Ron, why is such a fancy debouncing algorithm necessary? Just curious.
-- 
Randy Yates
Digital Signal Labs
http://www.digitalsignallabs.com

Article: 156242
Subject: Re: Math is hard
From: robert bristow-johnson <rbj@audioimagination.com>
Date: Tue, 21 Jan 2014 12:43:10 -0500
Links: << >> << T >> << A >>

On 1/21/14 12:18 PM, Rob Gaddi wrote:
> On Tue, 21 Jan 2014 10:45:35 +0100
> David Brown<david.brown@hesbynett.no>  wrote:
>
>> On 20/01/14 19:11, Rob Gaddi wrote:
>>>
>>> I did a little playing with it again this morning, and just tried curve
>>> fitting just the first small segment (n = 1:128).  Even a cubic fit has
>>> immense errors over just that short of a range.  exp() really has
>>> pretty vicious behavior.
>>>
>>
>> You can't fit a cubic (or other polynomial) by itself - you need a
>> spline.  And for a curve like this, you want varying steps, with far
>> more steps at the lower range.  You might be able to divide it up using
>> the first zero as the index (i.e., ranges 1..2, 2..4, 4..8, 8..16, etc.)
>>   The lowest range - say up to 16 - is probably best handled with a
>> straight lookup table.  After that, you'd need 12 sets of coefficients.
>>   If cubic interpolation here is not good enough, try higher odd powers
>> (anchor your polynomials at the end points and the derivatives at these
>> points to get a smooth spline).
>>
>
> Not sure I'm following you there, this could be a problem with my
> understanding.  When I hear people talking about spline fitting, to my
> mind that's a series of piecewise polynomial approximations.
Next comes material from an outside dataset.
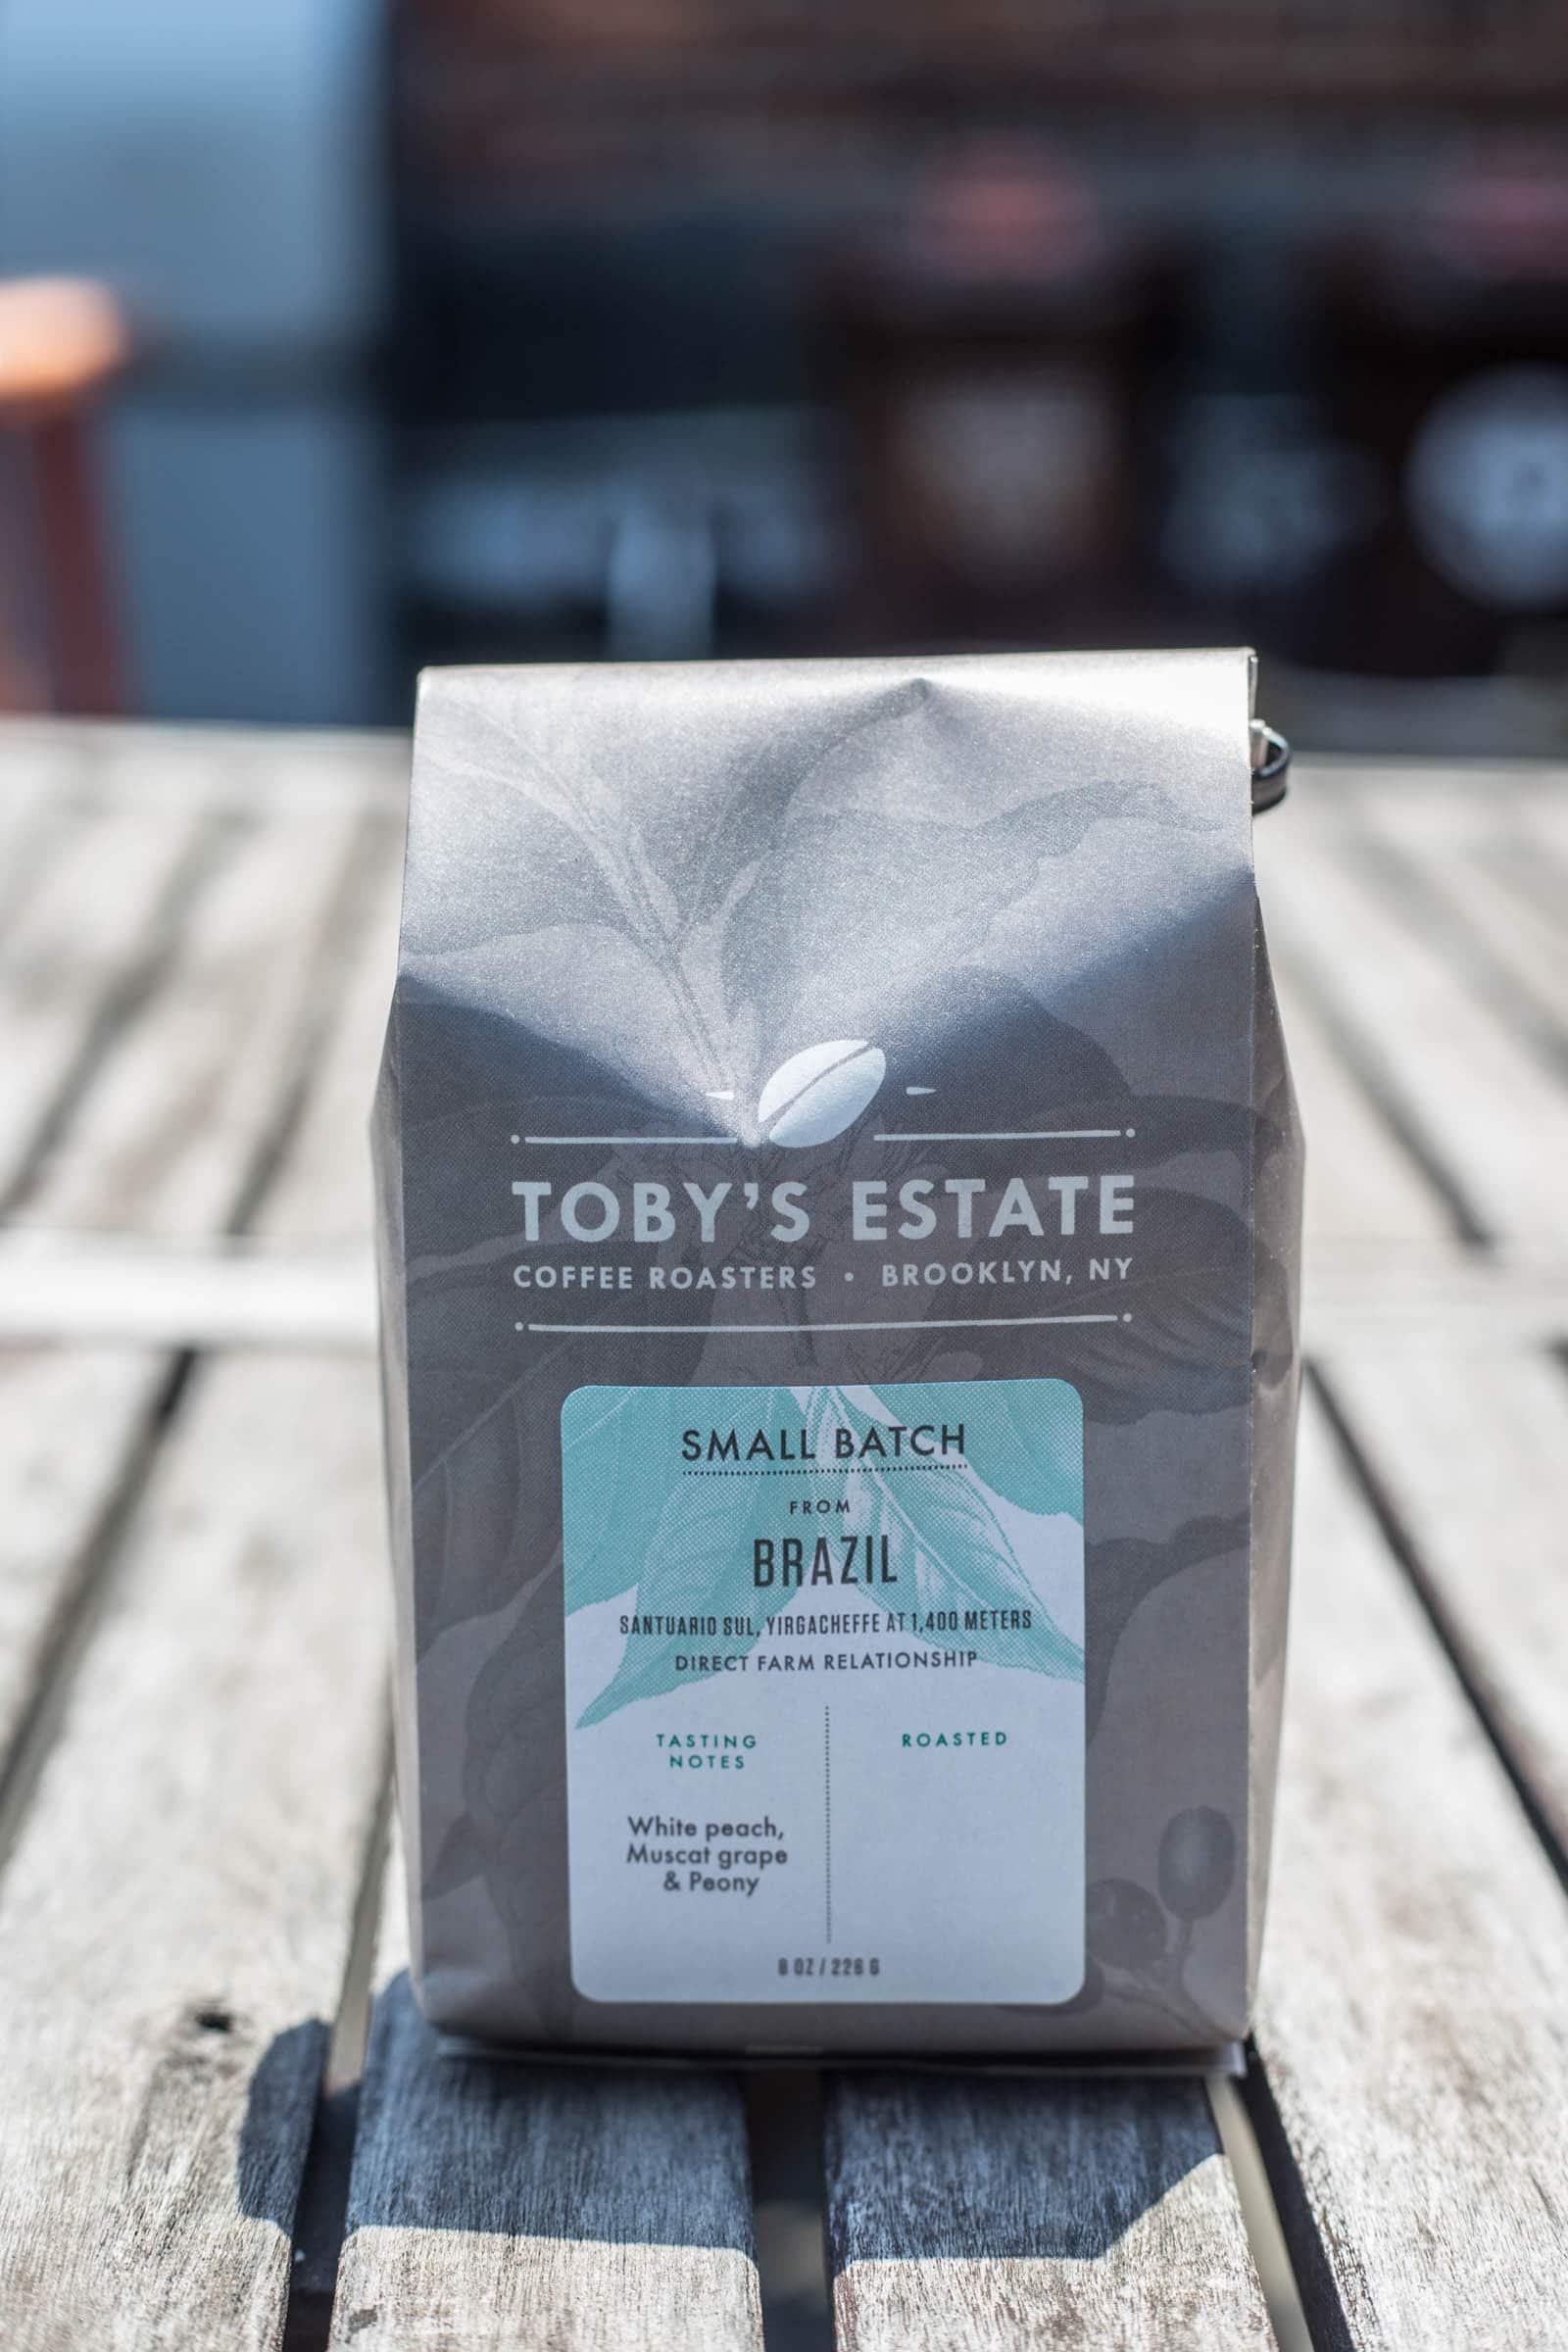 Toby's Estate Coffee Launches Santuario Sul

that's normally what i thought.  however, when i look up the math for 
"cubic splines" it doesn't seem to be exactly the same as fitting either 
3rd-order Lagrange nor 3-order Hermite polynomials.  i would have 
expected it to come out as one or the other.

>  Piecewise
> linear being the degenerate case.  Is that a reasonable statement?

who are you calling "degenerate"?!    :-)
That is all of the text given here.